Reviewed by James W. Marquart, Ph.D., Professor of Criminal Justice at the University of Texas at Dallas, Director of the Crime and Justice Studies Program

In psychological terms, an addiction is the compulsive use of a substance despite potentially adverse consequences with a need for an increased amount of the substance over time. But the United States’ predicament concerning our reliance on oil and other fossil fuels is more than just an addiction. It is a form of national assisted suicide—both environmental and financial.

In Over a Barrel, Raymond J. Learsy explains in clear and concise language why and how the United States’ became addicted to oil—or in his words “the devil’s excrement”—and how the geopolitics of oil production makes dependence on it a danger to us all.

The book’s strongest chapter is on the social, economic, and political effects of oil discoveries on the major oil producing countries. Indeed an inverse relationship exists between oil production and oil reserves on the one hand, and the low rates of political participation and the slow evolution of a civil society on the other. Many countries that mine oil are time bombs waiting for revolution or the birth of the next bin Laden and places like Saudi Arabia, Iran, and the Gulf Kingdoms are some of the most repressive regimes in the world. As the author explained, sitting atop vast pools of oil for many nations has translated into oceans of profit for a few at the top, vast corruption and repression for most. After reading this book one wonders whether or not Wahhabism was underwritten by the Saudi extended family to forestall modernity, as the opiate of the masses, while the Oxford educated, Armani-clad princes filled their bank accounts and enjoyed Western culture.

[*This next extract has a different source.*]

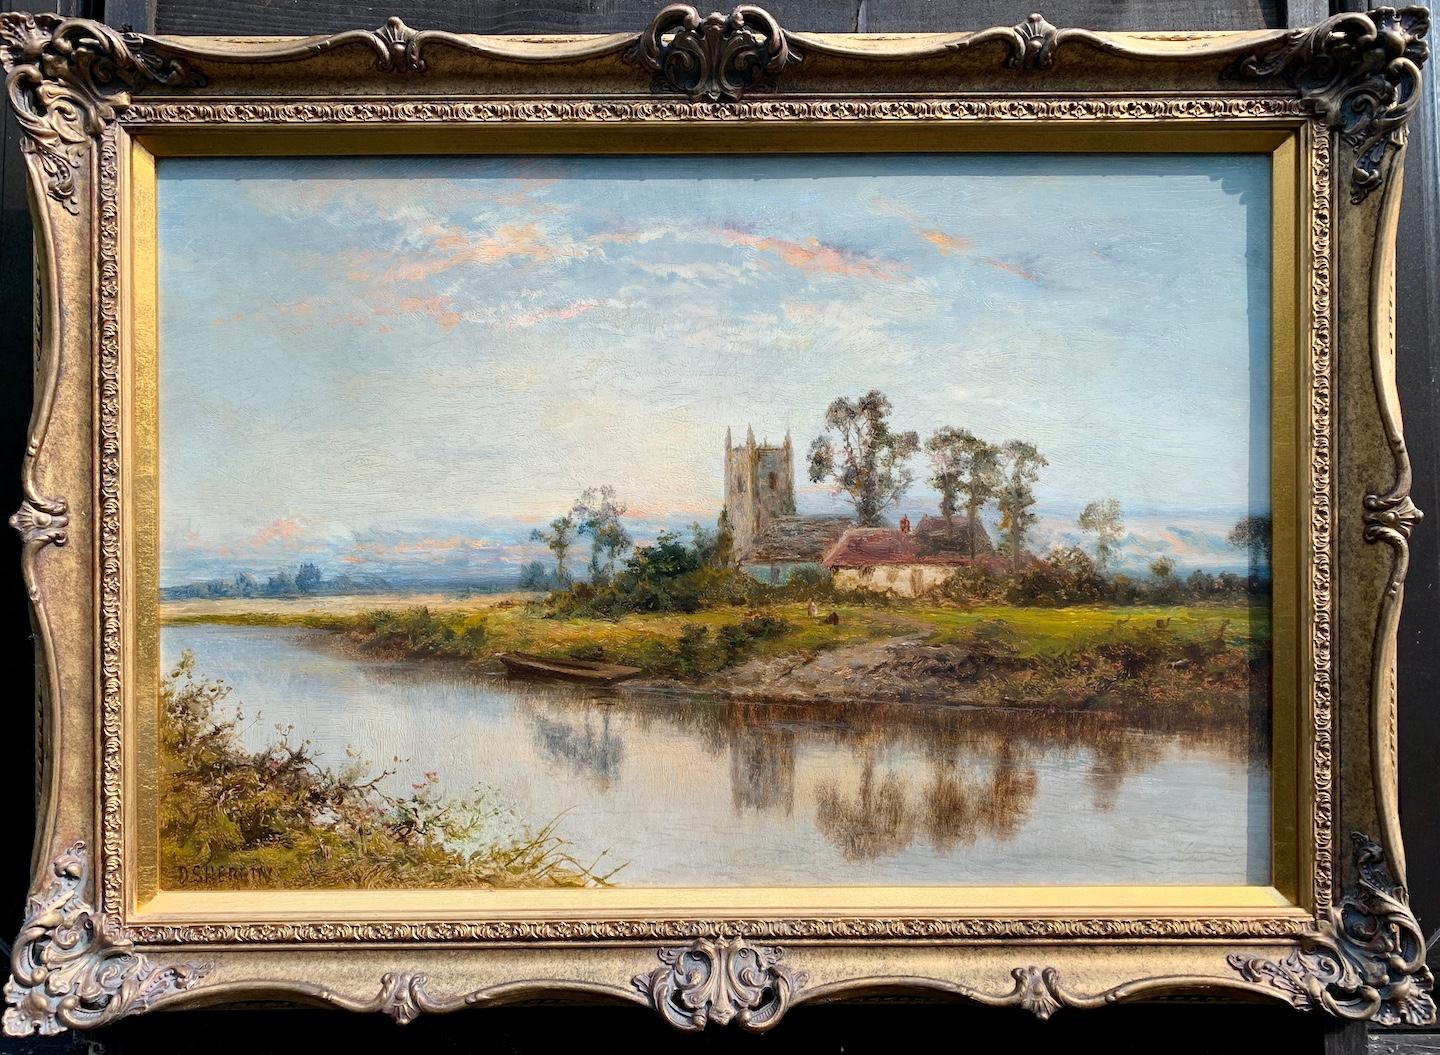 Daniel Sherrin Figurative Painting - Antique oil on canvas, English landscape with River, Church, Cottage at Sunrise
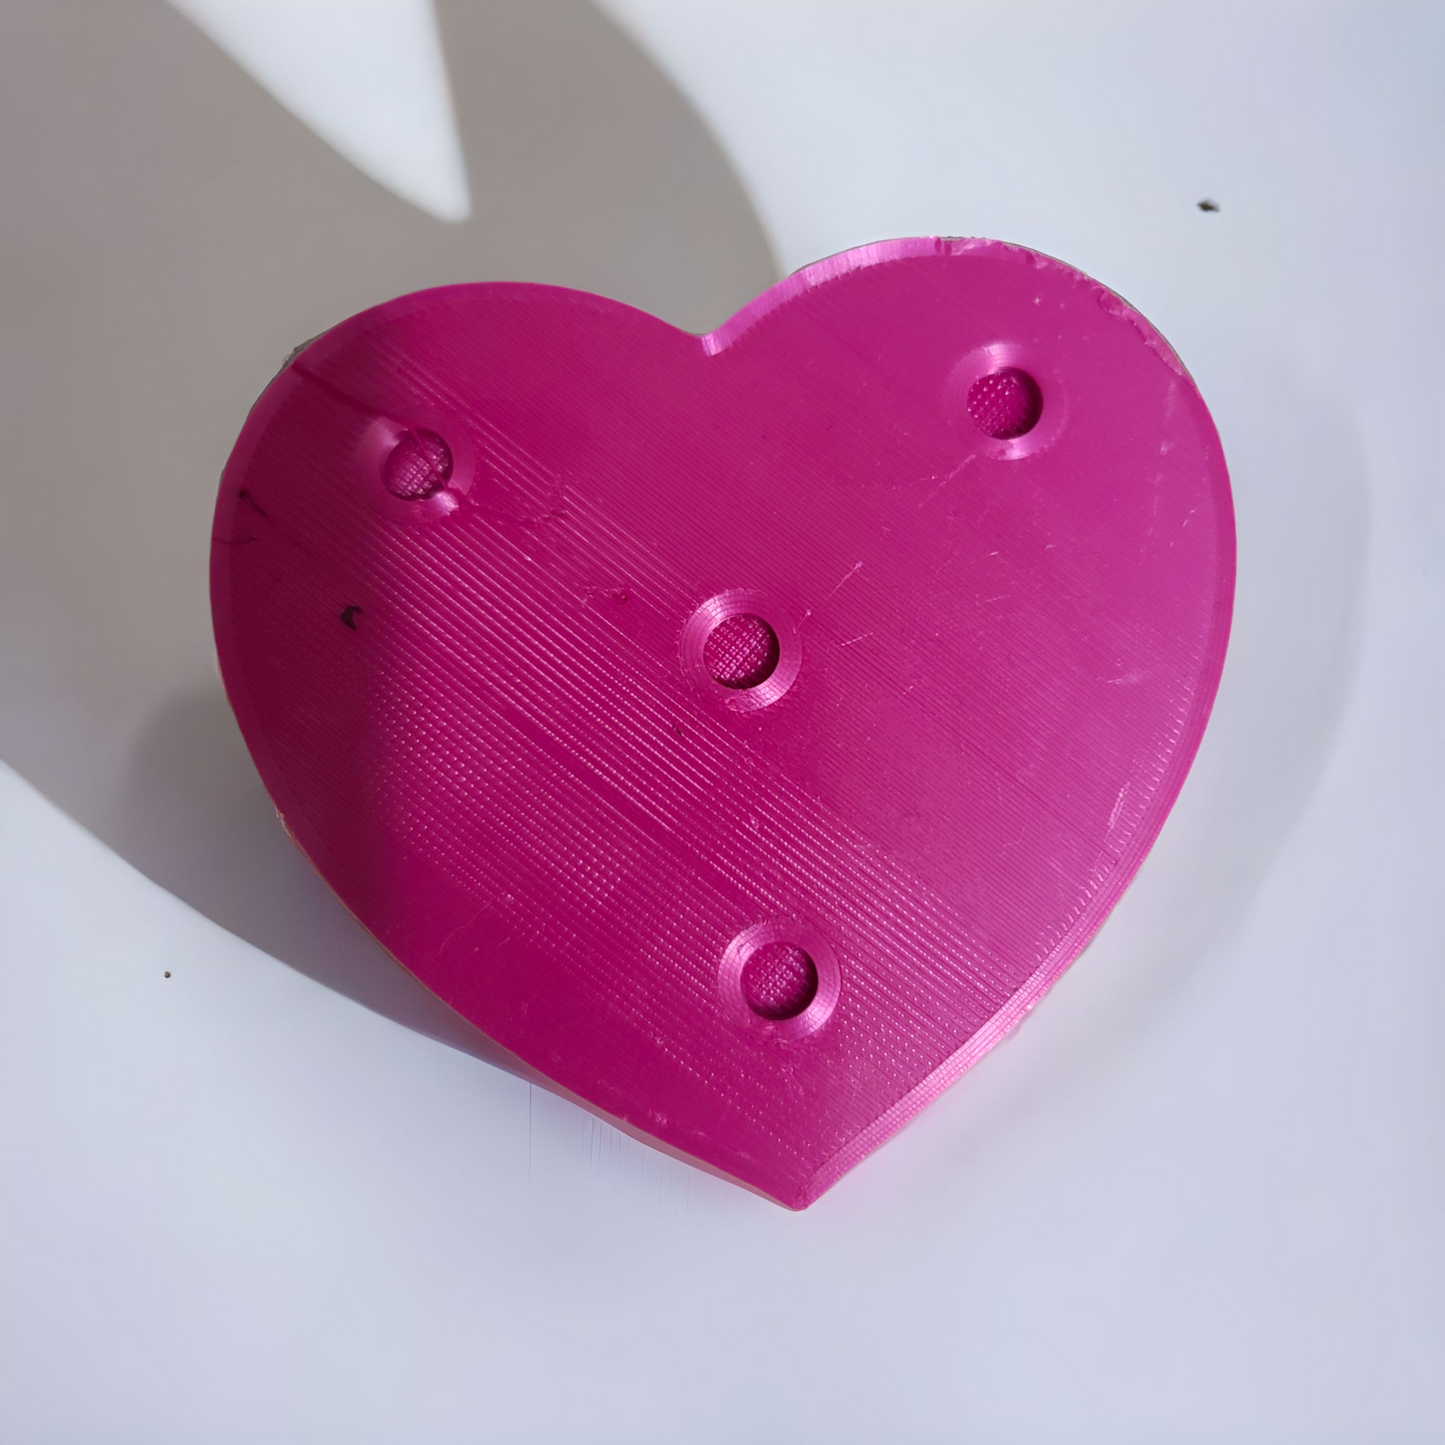 3d print, Conversation heart, Valentines Day, party favor, magnet, Romantic Gift, love you, miss you, be mine, hug me, kiss me, message

The 20th century in these desert kingdoms was enjoyed by a few while the many became entrenched in feudal times. The sad fact is that the United States is an enabler in so much as that we are the world’s primary oil addict. We import a lot of oil from these pitiful regimes. Today a barrel of oil is over $100 and our political leaders offer no solutions. The usual theater of the absurd unfolded recently in Congress as bold politicians hauled oil company executives in front of hearings and raked them over the coals. The executives lectured us about supply and demand, and the economic “markets” affecting oil prices. Anyone with common sense knows the oil commodity market is rigged like a dice game at a county fair.

It is a national disgrace that we have sold our collective soul to unstable and rotten regimes. Worse yet is the absolute lack of leadership and political will to break this addiction on the part of policymakers in Washington. Like many Americans, I cringe every time I fill my gas tank because I know that some portion of the profits from a gallon of gas will finance some extremist groups who spend countless hours plotting to kill Americans.

Over the Barrel, however, is more than just a scathing critique on the world’s addiction to oil. Learsy’s final chapter proposes several recommendations about curbing our appetite for foreign oil, including adopting a realistic nuclear power program, busting OPEC (which should have done after the first Gulf War), taxing big oil’s profits, and investing in bio-fuels and other green measures. The author’s policy recommendations benefit our climate, our economy, and most importantly our national security. Like most recommendations, however, they require the “government” to make the first move, a recipe for politics, more hearings, and more of the status quo.

The parallel between our addiction to “all things oil” and illicit drugs (along with drug cartels and narco-terrorism”) is compelling. Several decades ago Nancy Reagan offered the simple dictum of “just say no to drugs.” Simple but true and one could also say the same thing to the gas pump—“just use less.” As individuals, we have little control over national-level energy policy. We can at least retaliate by using less. We do have personal control over our appetite for food, drugs and the “devil’s excrement.”

Albert Einstein defined insanity as “Doing the same thing over and over again and expecting different results.” Einstein’s words can be applied to our energy policy and only we ordinary citizens can move the situation towards sanity.